February 11, 2021

The political conflict in America, including the second impeachment trial of former President Donald Trump, rests in part upon a language distinction. When does a speaker or writer mean something “literally” as opposed to “figuratively?”

For a while now, defenders of the former president have encouraged us to take his words seriously, but not literally.

In an essay on this topic from 2011, I argued that “metaphors matter.”

Public speakers and writers — whether they be politicians, educators or journalists — should be held accountable for their metaphors.

The metaphor, a form of figurative language that compares one thing to another, can be virtuous or vicious. Bad metaphors express false comparisons, as when former President George W. Bush talked about a “crusade” in the Middle East against terrorists. To his credit, when alerted, he stopped using it.

Did Trump use language designed to incite violence? My answer is “yes” and “no.”

Remember when former President Bill Clinton answered a question from prosecutors with, “It depends on what the meaning of ‘is’ is?” I am no lawyer or constitutional scholar, but the question of whether Trump committed a “high crime” depends, in part, on what the meaning of “fight” is, a word that the former president used time and time again to protest the result of the election.

What is the “literal” meaning of “fight?”

We need two definitions here. First for “literal,” from the American Heritage Dictionary:

Being in accordance with, conforming to, or upholding the exact or primary meaning of a word or words.

Now we turn to the literal meaning of “fight”:

To attempt to harm or gain power over an adversary by blows or with weapons.

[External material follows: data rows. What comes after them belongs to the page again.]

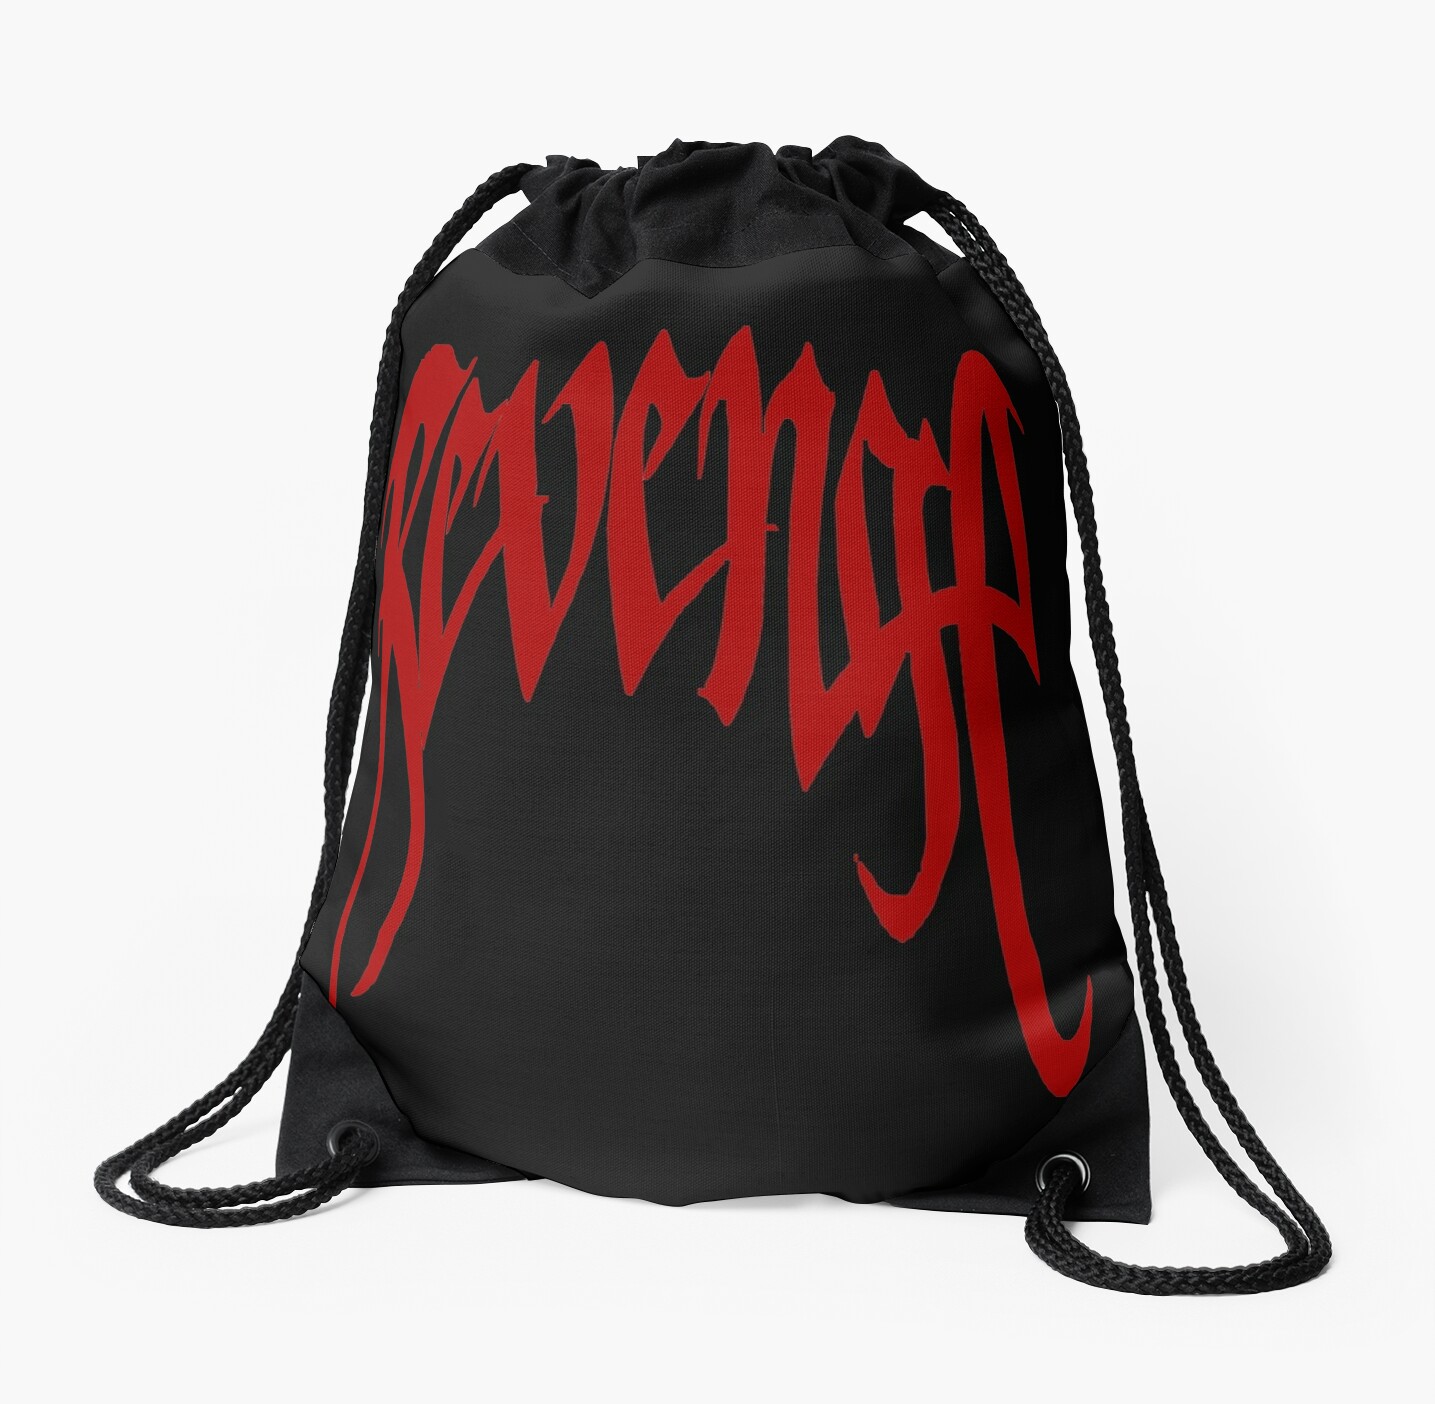 Revenge Xxxtentacion Drawstring Bag By Heirich Redbubble 
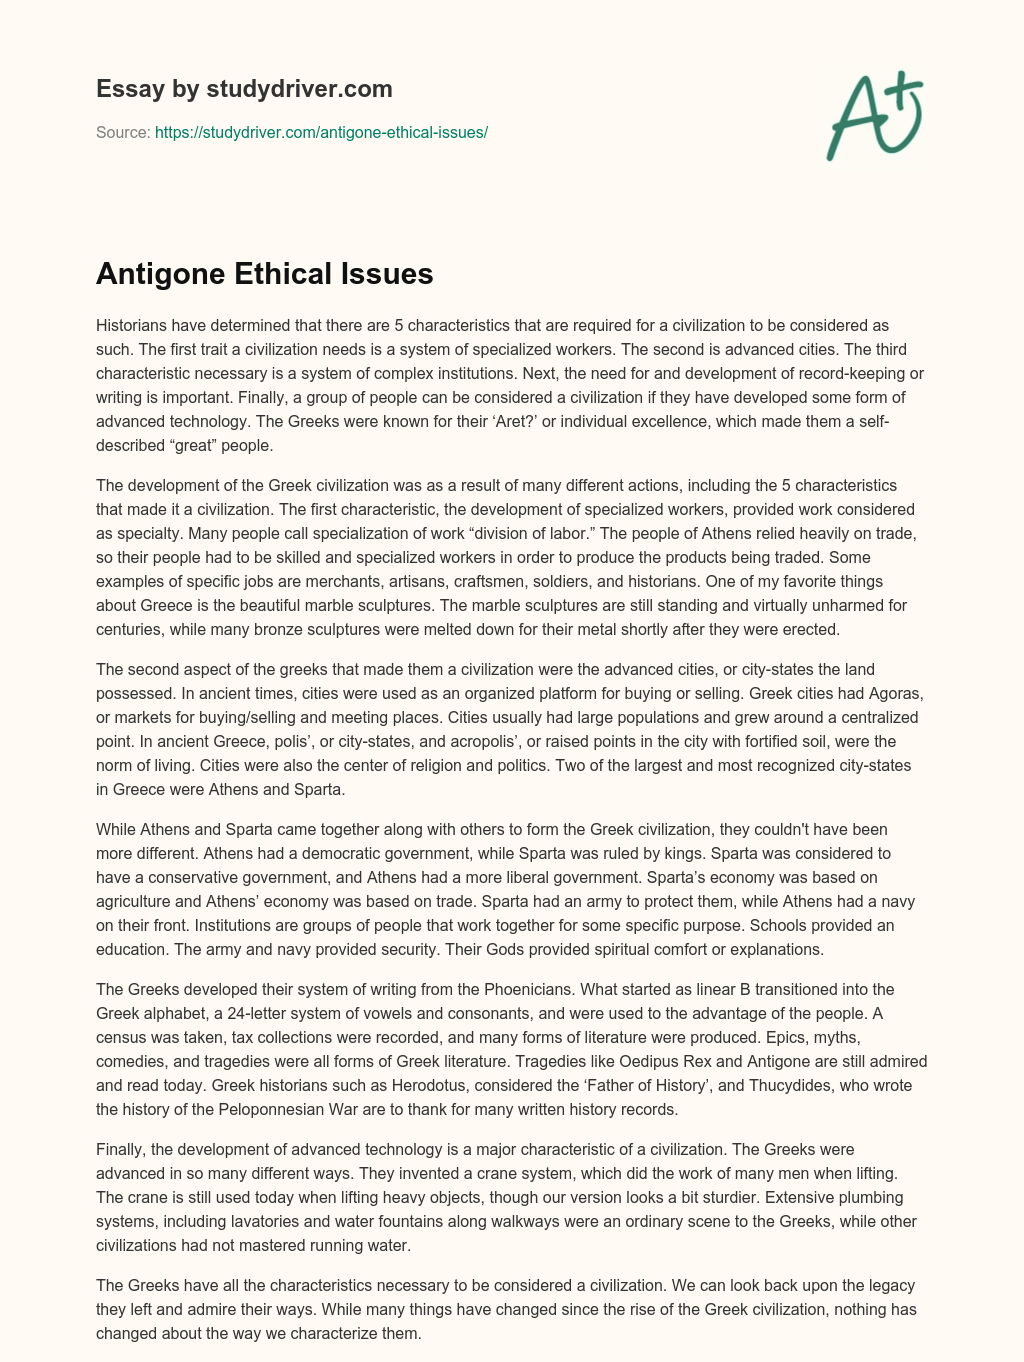 Antigone Ethical Issues essay
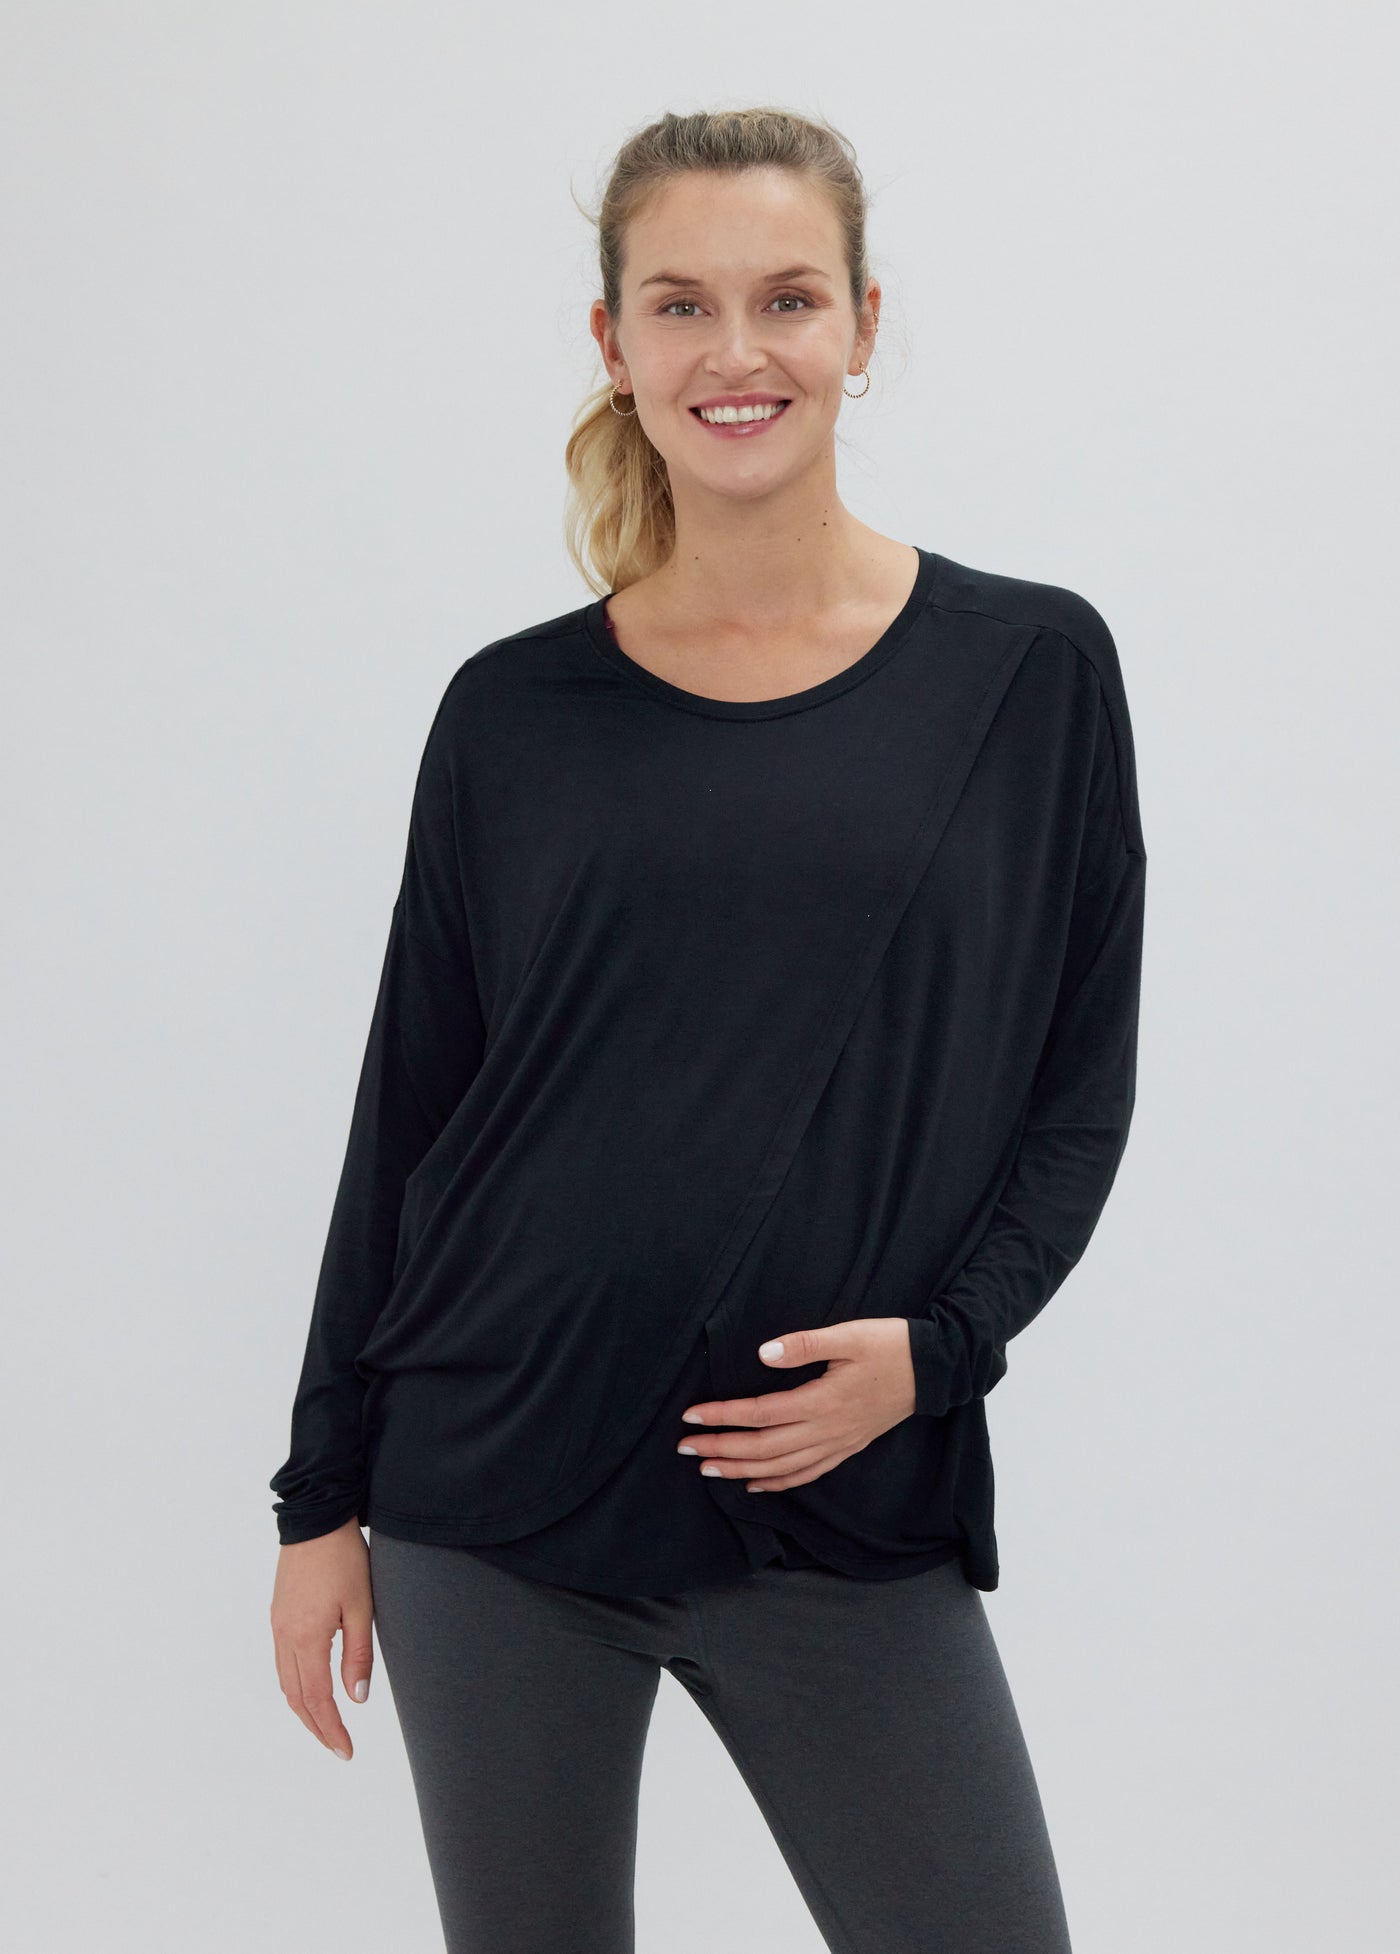 Svieta is 5’10”, 31 weeks pregnant, and wearing size medium||Black
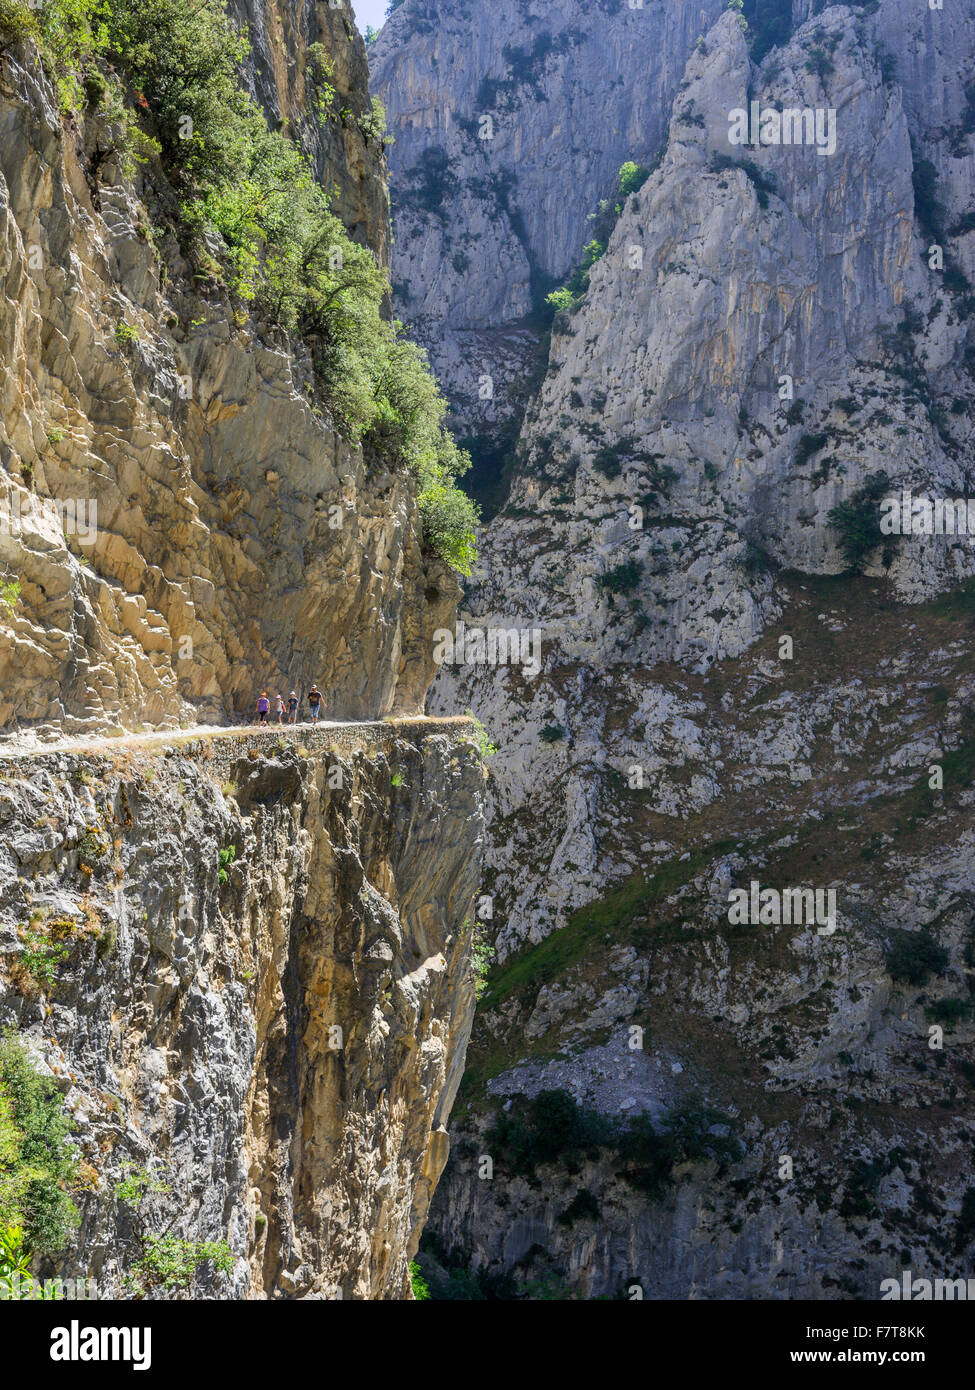 Sentiero escursionistico su uno scoglio attraverso la Gola di Cares, Parco Nazionale Picos de Europa, Caino, Castilla y León, Spagna Foto Stock
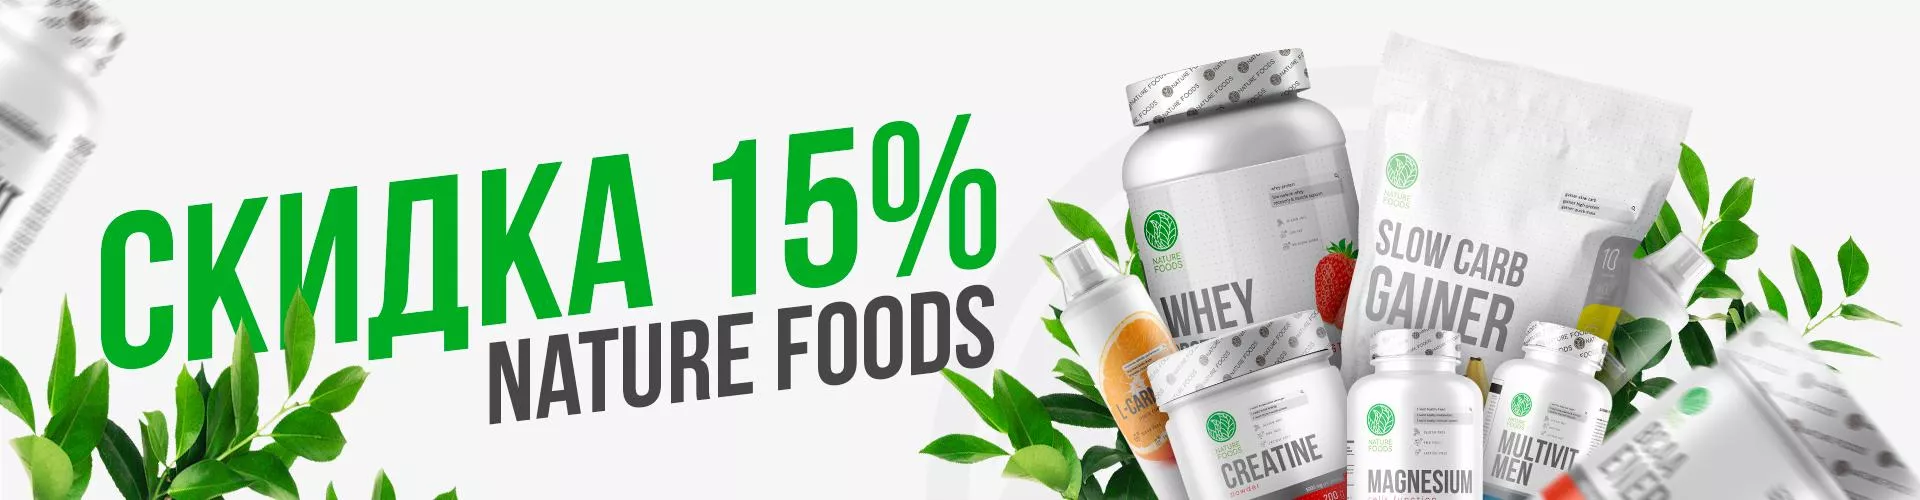 Nature Foods 15%

As you move down the layers of definitions, the meaning of fight becomes less literal, as when we want to “fight cancer” or “fight temptation.” There is no violence suggested in these usages, only vigorous opposition.

In that sense, most common uses of the word “fight,” I would argue, are figures of speech, comparisons, metaphors. I use it that way all the time: “We’ve got to fight like hell for better public schools.”

I also misuse the distinction, especially in the adverbial forms “literally” and “figuratively.” As in, “When the Buccaneers held the Chiefs without a touchdown to win the Super Bowl, my head literally exploded.” If it did, my wife would have had to call the cleaning crew.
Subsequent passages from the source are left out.